- Extracted material:
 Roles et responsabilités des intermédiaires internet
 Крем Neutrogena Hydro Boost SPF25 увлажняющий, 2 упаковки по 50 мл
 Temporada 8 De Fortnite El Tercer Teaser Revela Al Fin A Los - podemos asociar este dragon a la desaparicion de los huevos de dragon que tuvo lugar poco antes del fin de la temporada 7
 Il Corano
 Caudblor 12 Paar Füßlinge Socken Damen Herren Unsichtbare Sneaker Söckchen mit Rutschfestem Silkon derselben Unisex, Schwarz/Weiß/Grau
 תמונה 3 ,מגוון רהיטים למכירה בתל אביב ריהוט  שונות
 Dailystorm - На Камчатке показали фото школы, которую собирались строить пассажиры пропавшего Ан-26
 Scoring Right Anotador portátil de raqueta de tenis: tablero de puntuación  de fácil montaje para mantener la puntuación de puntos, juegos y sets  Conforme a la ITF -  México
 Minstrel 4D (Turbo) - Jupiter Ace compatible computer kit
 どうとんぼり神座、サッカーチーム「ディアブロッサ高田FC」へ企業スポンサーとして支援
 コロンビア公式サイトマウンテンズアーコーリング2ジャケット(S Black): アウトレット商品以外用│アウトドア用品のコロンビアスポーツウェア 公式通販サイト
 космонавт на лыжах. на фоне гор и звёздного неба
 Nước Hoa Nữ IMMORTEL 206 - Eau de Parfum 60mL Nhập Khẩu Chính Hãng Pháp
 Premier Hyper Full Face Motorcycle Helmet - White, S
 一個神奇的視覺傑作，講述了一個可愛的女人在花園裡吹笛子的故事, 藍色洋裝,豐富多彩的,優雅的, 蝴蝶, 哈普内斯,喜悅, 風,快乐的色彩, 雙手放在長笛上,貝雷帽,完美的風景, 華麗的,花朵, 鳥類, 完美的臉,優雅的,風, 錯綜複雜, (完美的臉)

- The task: Output all the lines above. Keep each one exact.

- Answer area:
 Roles et responsabilités des intermédiaires internet
 Крем Neutrogena Hydro Boost SPF25 увлажняющий, 2 упаковки по 50 мл
 Temporada 8 De Fortnite El Tercer Teaser Revela Al Fin A Los - podemos asociar este dragon a la desaparicion de los huevos de dragon que tuvo lugar poco antes del fin de la temporada 7
 Il Corano
 Caudblor 12 Paar Füßlinge Socken Damen Herren Unsichtbare Sneaker Söckchen mit Rutschfestem Silkon derselben Unisex, Schwarz/Weiß/Grau
 תמונה 3 ,מגוון רהיטים למכירה בתל אביב ריהוט  שונות
 Dailystorm - На Камчатке показали фото школы, которую собирались строить пассажиры пропавшего Ан-26
 Scoring Right Anotador portátil de raqueta de tenis: tablero de puntuación  de fácil montaje para mantener la puntuación de puntos, juegos y sets  Conforme a la ITF -  México
 Minstrel 4D (Turbo) - Jupiter Ace compatible computer kit
 どうとんぼり神座、サッカーチーム「ディアブロッサ高田FC」へ企業スポンサーとして支援
 コロンビア公式サイトマウンテンズアーコーリング2ジャケット(S Black): アウトレット商品以外用│アウトドア用品のコロンビアスポーツウェア 公式通販サイト
 космонавт на лыжах. на фоне гор и звёздного неба
 Nước Hoa Nữ IMMORTEL 206 - Eau de Parfum 60mL Nhập Khẩu Chính Hãng Pháp
 Premier Hyper Full Face Motorcycle Helmet - White, S
 一個神奇的視覺傑作，講述了一個可愛的女人在花園裡吹笛子的故事, 藍色洋裝,豐富多彩的,優雅的, 蝴蝶, 哈普内斯,喜悅, 風,快乐的色彩, 雙手放在長笛上,貝雷帽,完美的風景, 華麗的,花朵, 鳥類, 完美的臉,優雅的,風, 錯綜複雜, (完美的臉)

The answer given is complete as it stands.